Data section below:

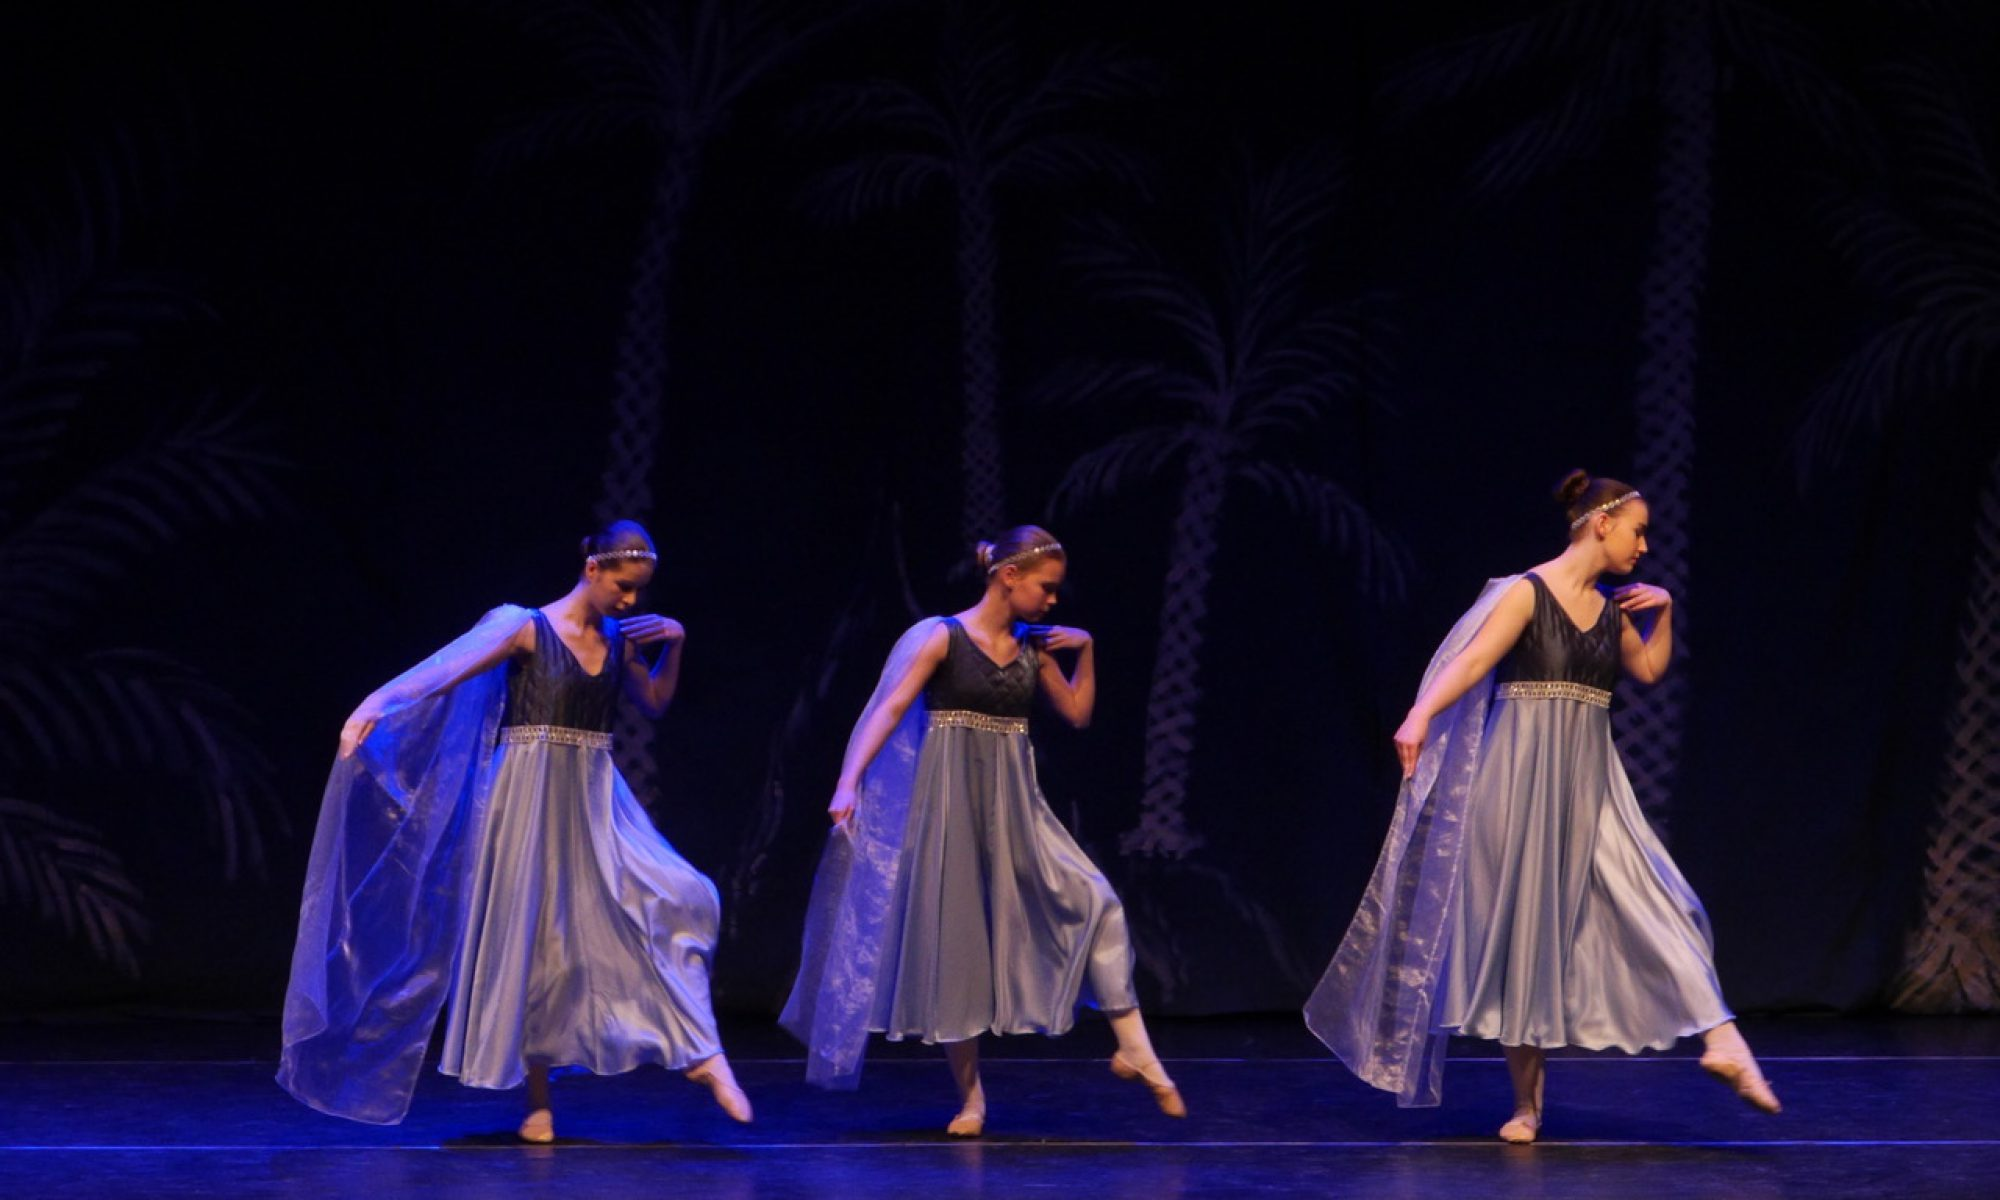 Ballettschule Sauer
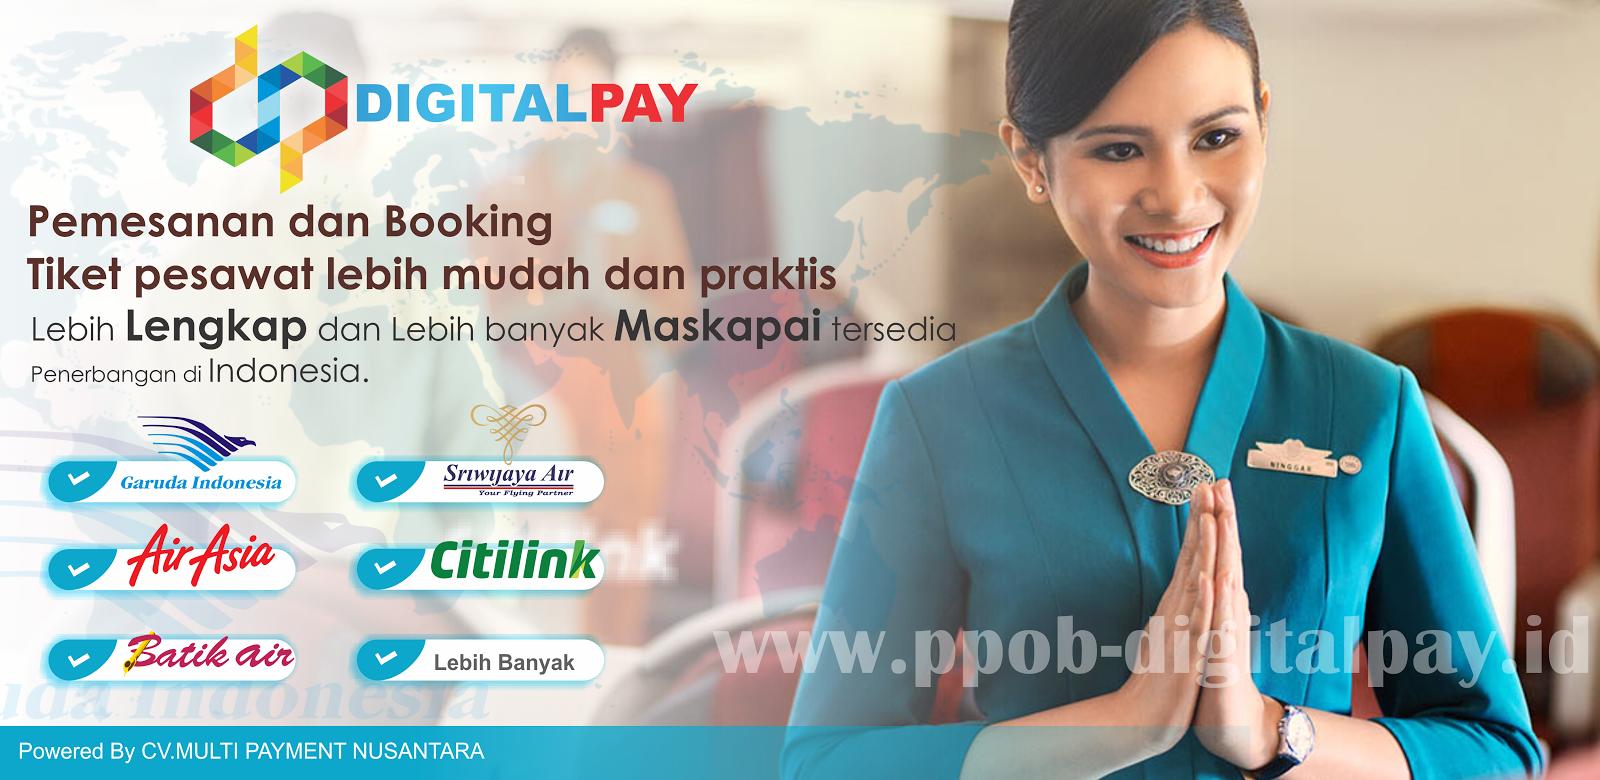 PPOB-DigitalPay
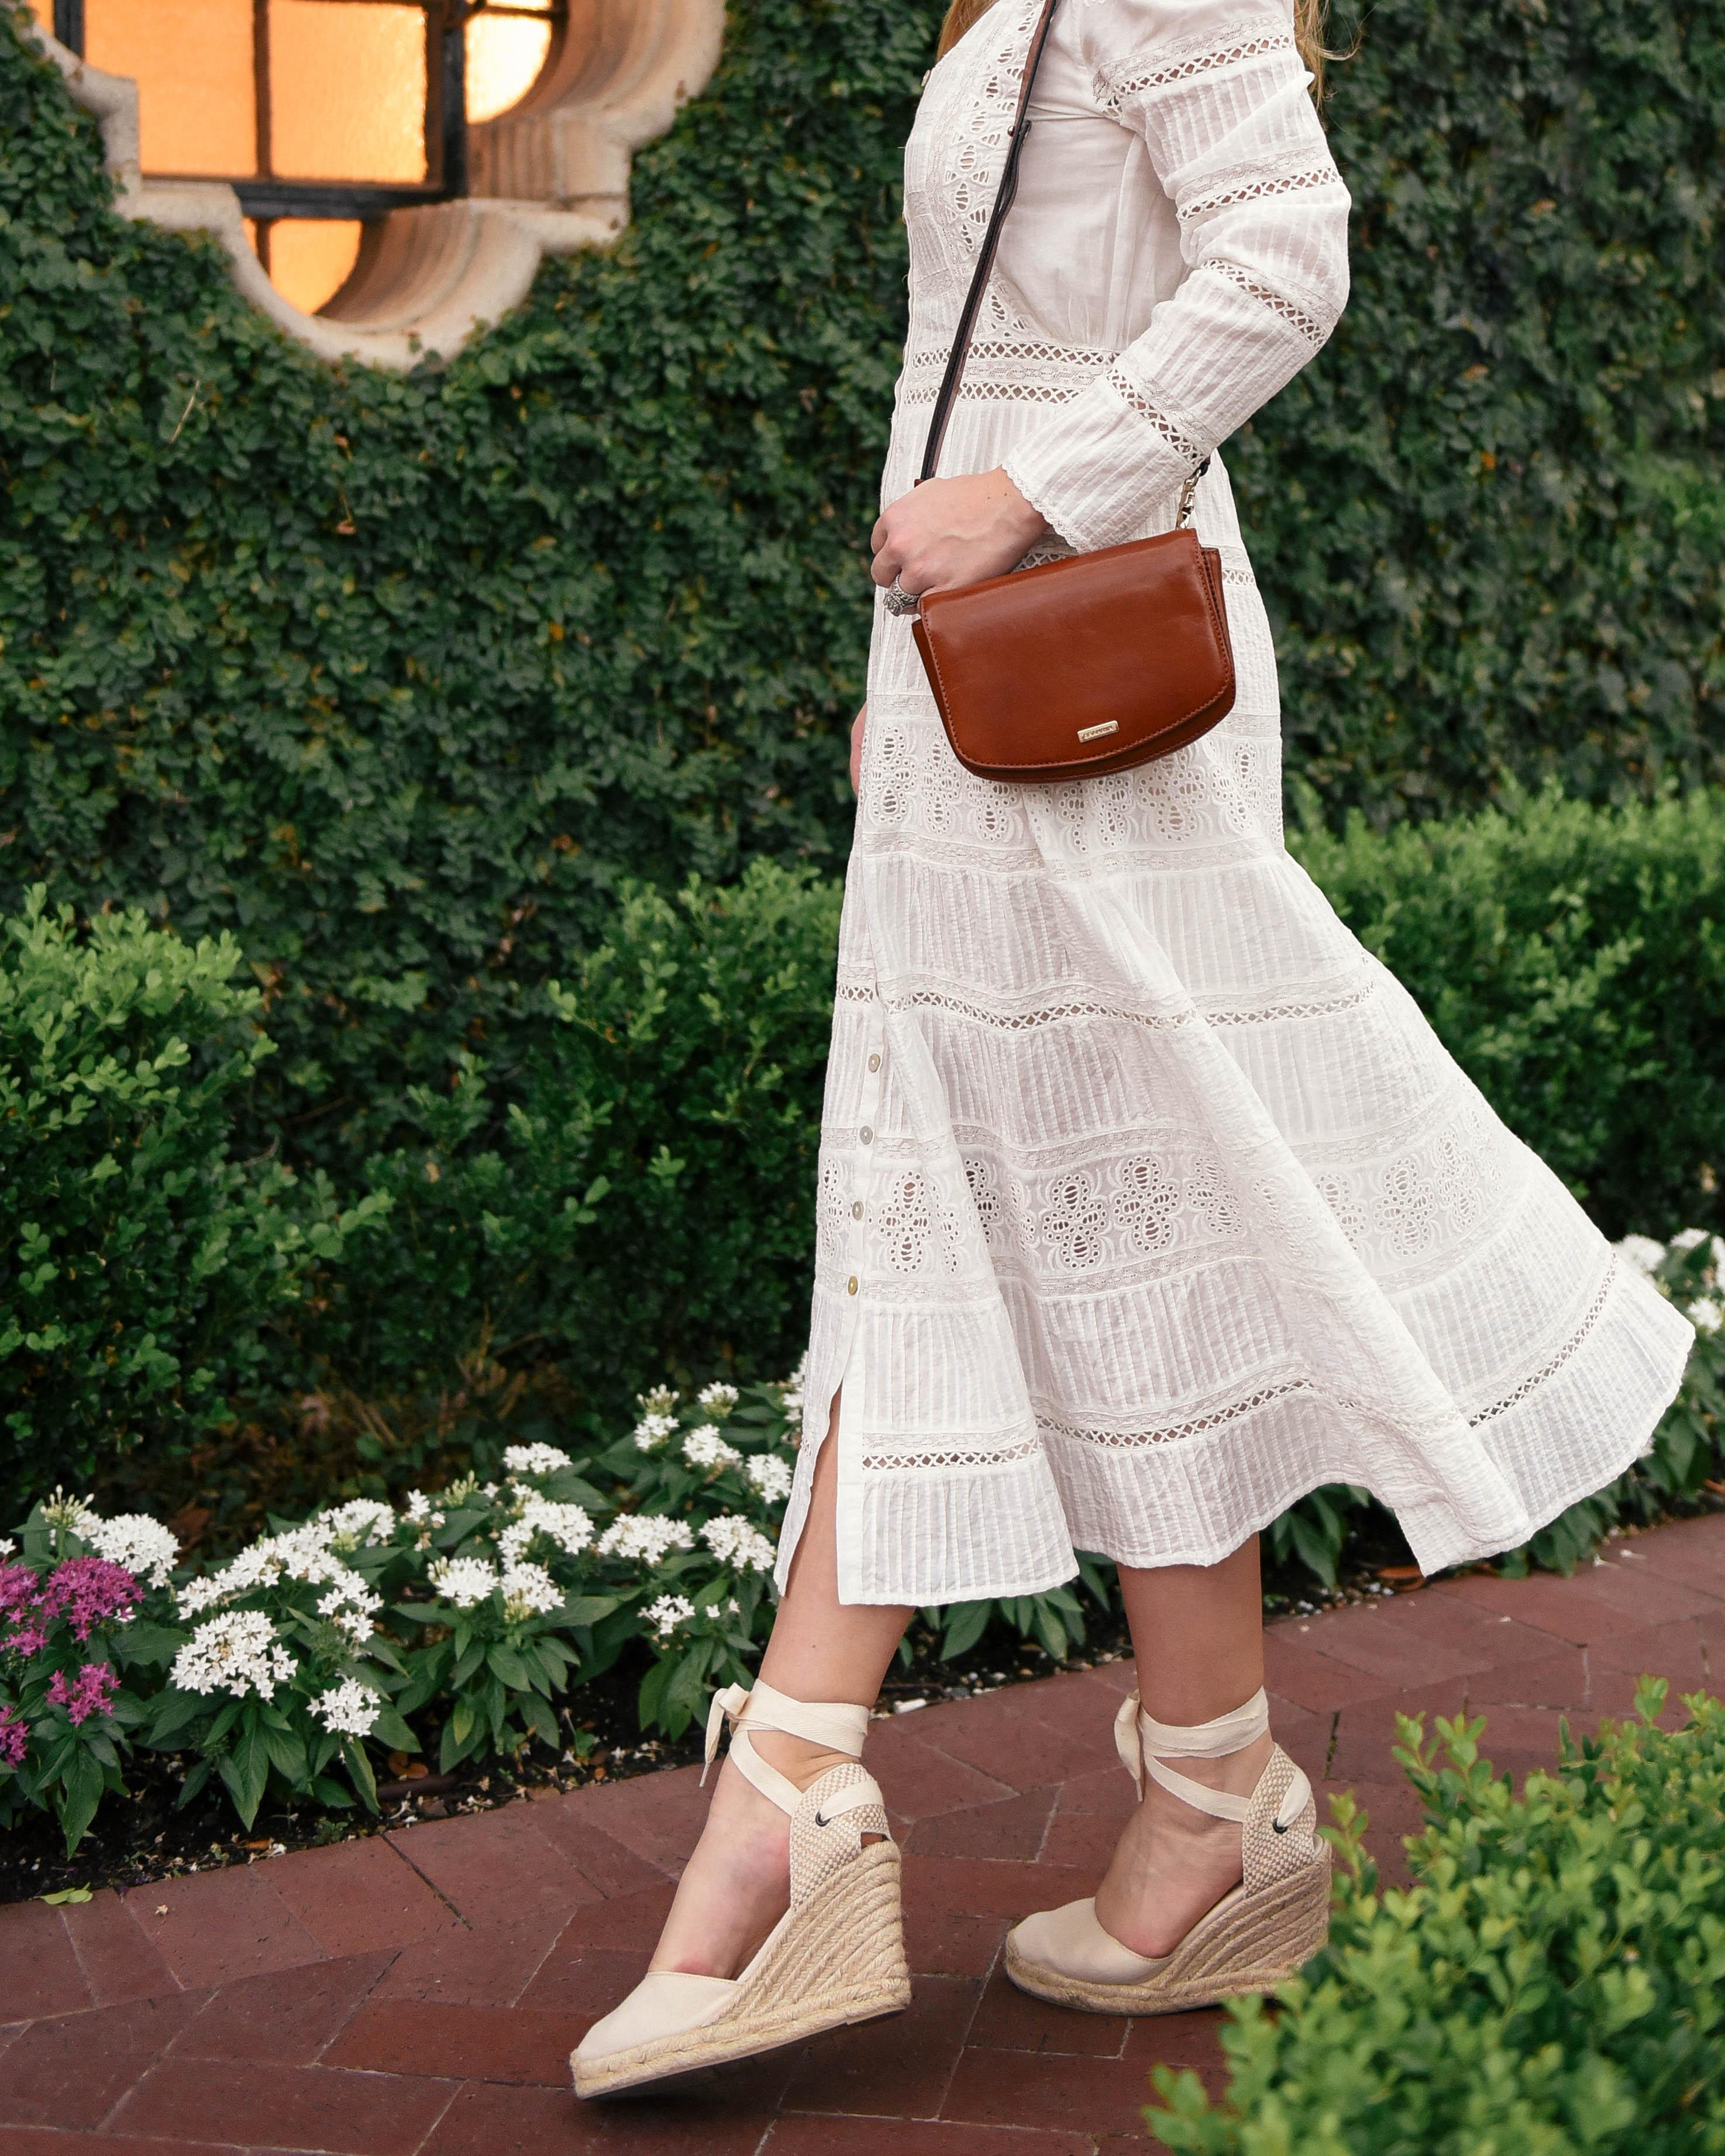 Brahmin-Handbag-Leather-Bag-Designer-Handbag-Crossbody-Bag-Lil-Topsail-Belt-Bag-Dallas-Blogger-Lo-Murphy

End of Data section.

→ **Exercise details**:
Transcribe the data exactly and leave no picture in the copy.

→ **Finished task**:
 Ballettschule Sauer
 PPOB-DigitalPay
 Brahmin-Handbag-Leather-Bag-Designer-Handbag-Crossbody-Bag-Lil-Topsail-Belt-Bag-Dallas-Blogger-Lo-Murphy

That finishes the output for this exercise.